Fundamentals of Matrix Analysis. In the introduction, we present matrix calculus, systems of linear equations and the determinant. Next, we explore the vector space as an algebraic structure, representing vectors with matrix columns based on a chosen basis, the concept of a vector subspace, and important subspaces related to matrices. We then briefly focus on linear transformations and their matrix representation. Analyzing characteristic subspaces associated with a matrix allows us to examine certain properties of the corresponding linear transformations. We further equip the vector space with an inner product, which introduces the concept of orthogonality, leading to an effective optimization method, the least squares method, which is very common and useful in engineering practice. We address the central problem of linear algebra or matrix analysis, the eigenvalue problem.
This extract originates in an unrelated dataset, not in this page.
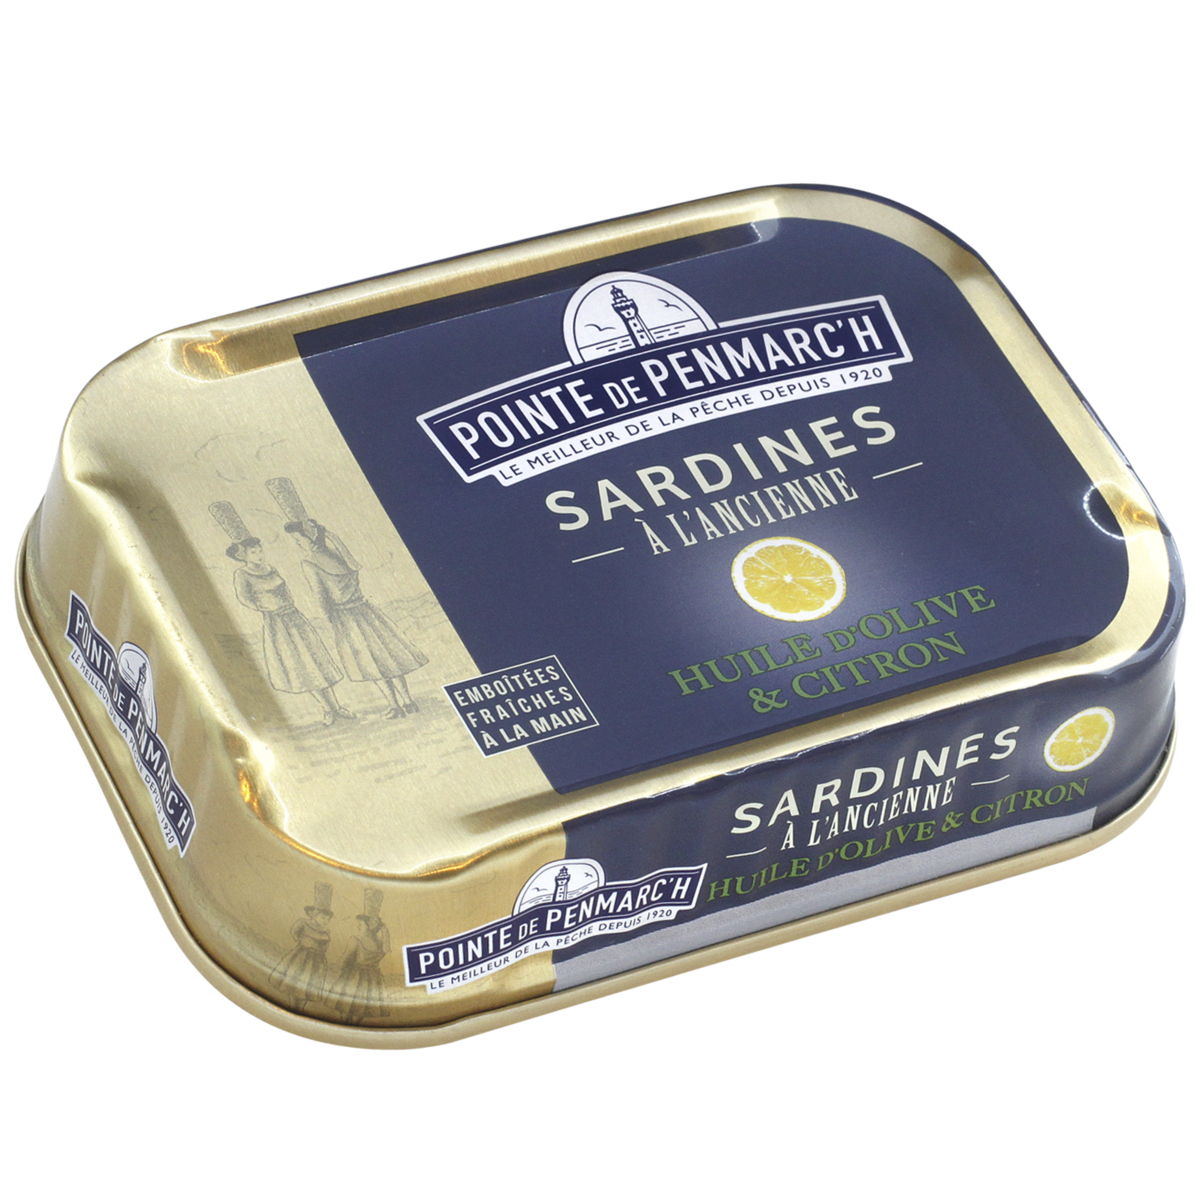 Sardinen in Olivenöl und Zitrone, La Pointe de Penmarch, Bretagne 0,115 kg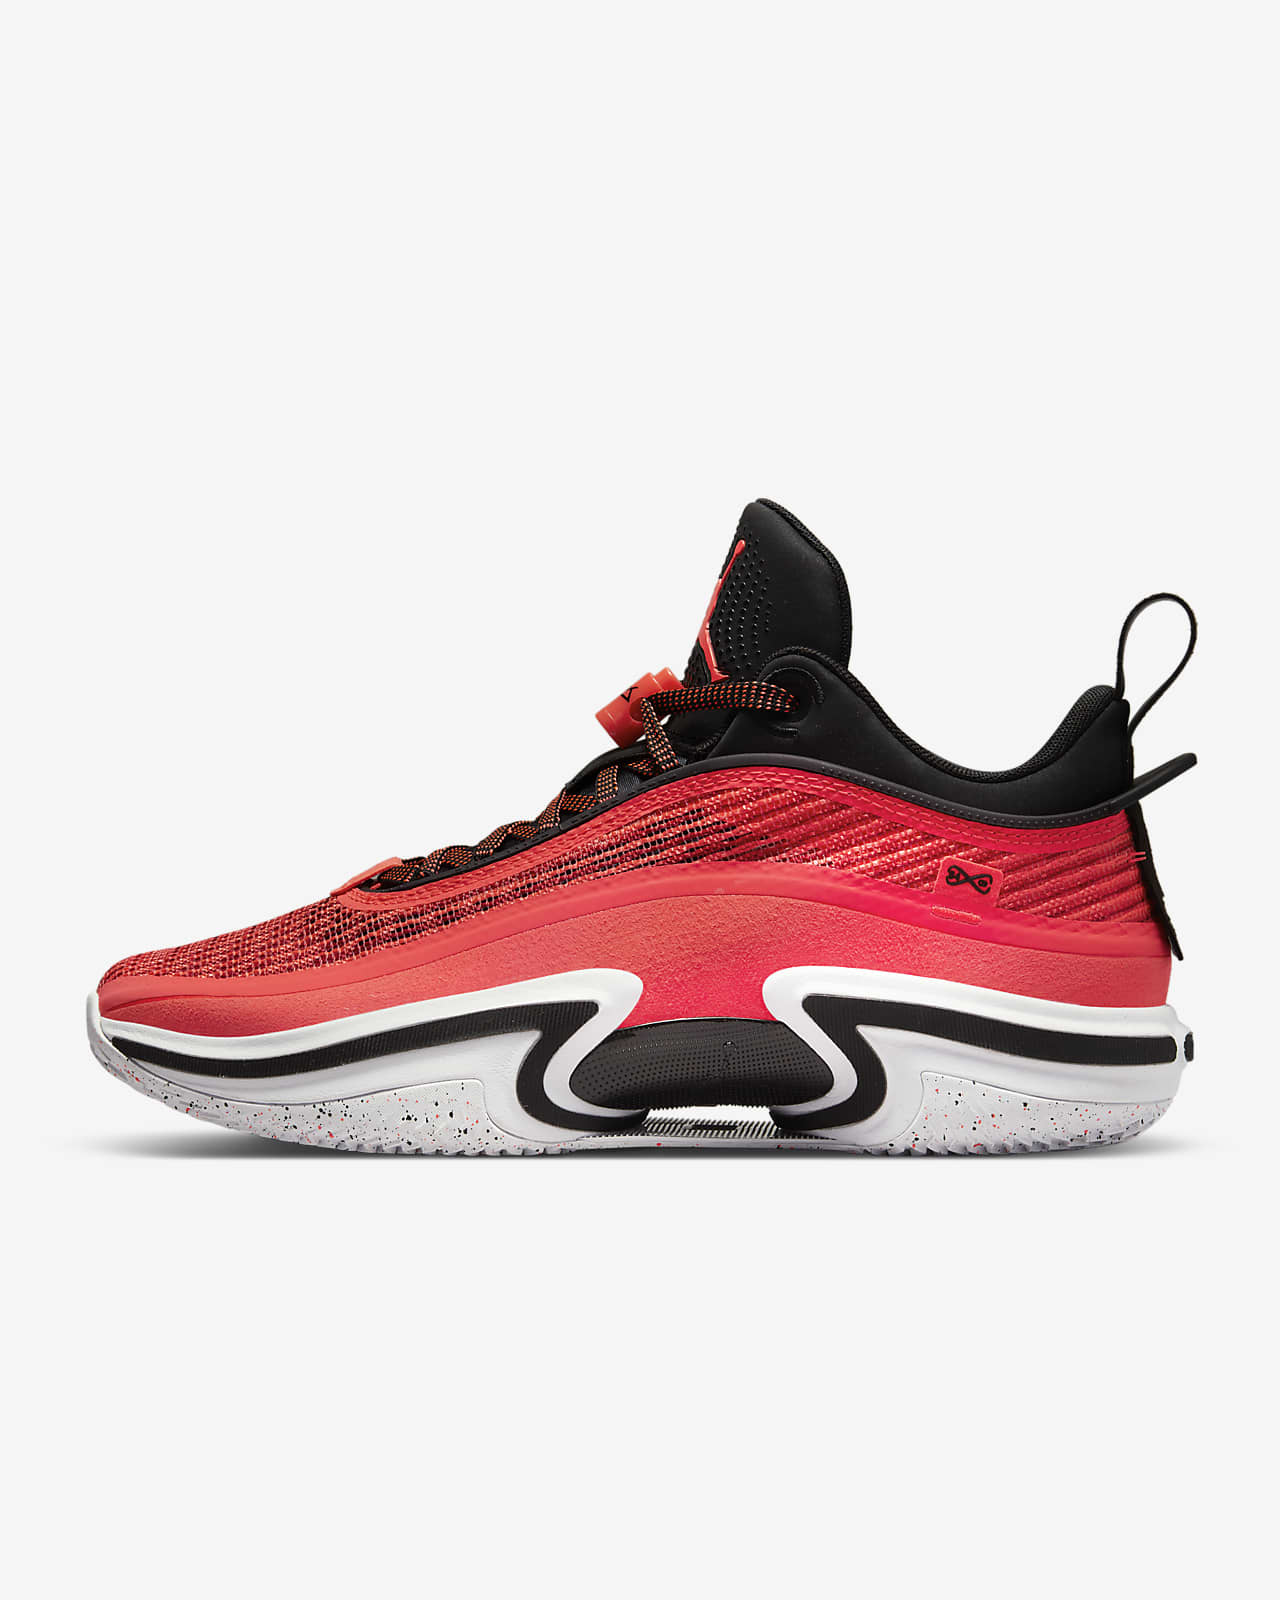 Air Jordan XXXVI Low Men's Basketball Shoes

This includes matrix diagonalization, Jordan normal form and unitary similarity to a triangular matrix, which facilitates the treatment of Hermitian and symmetric matrices, which hold a special place in engineering applications. Finally, we list some examples of applying the theory from previous chapters, relating to the spectral properties of matrices. We particularly highlight the singular value decomposition, which has very broad applications. We close the textbook with generalized inverses of matrices.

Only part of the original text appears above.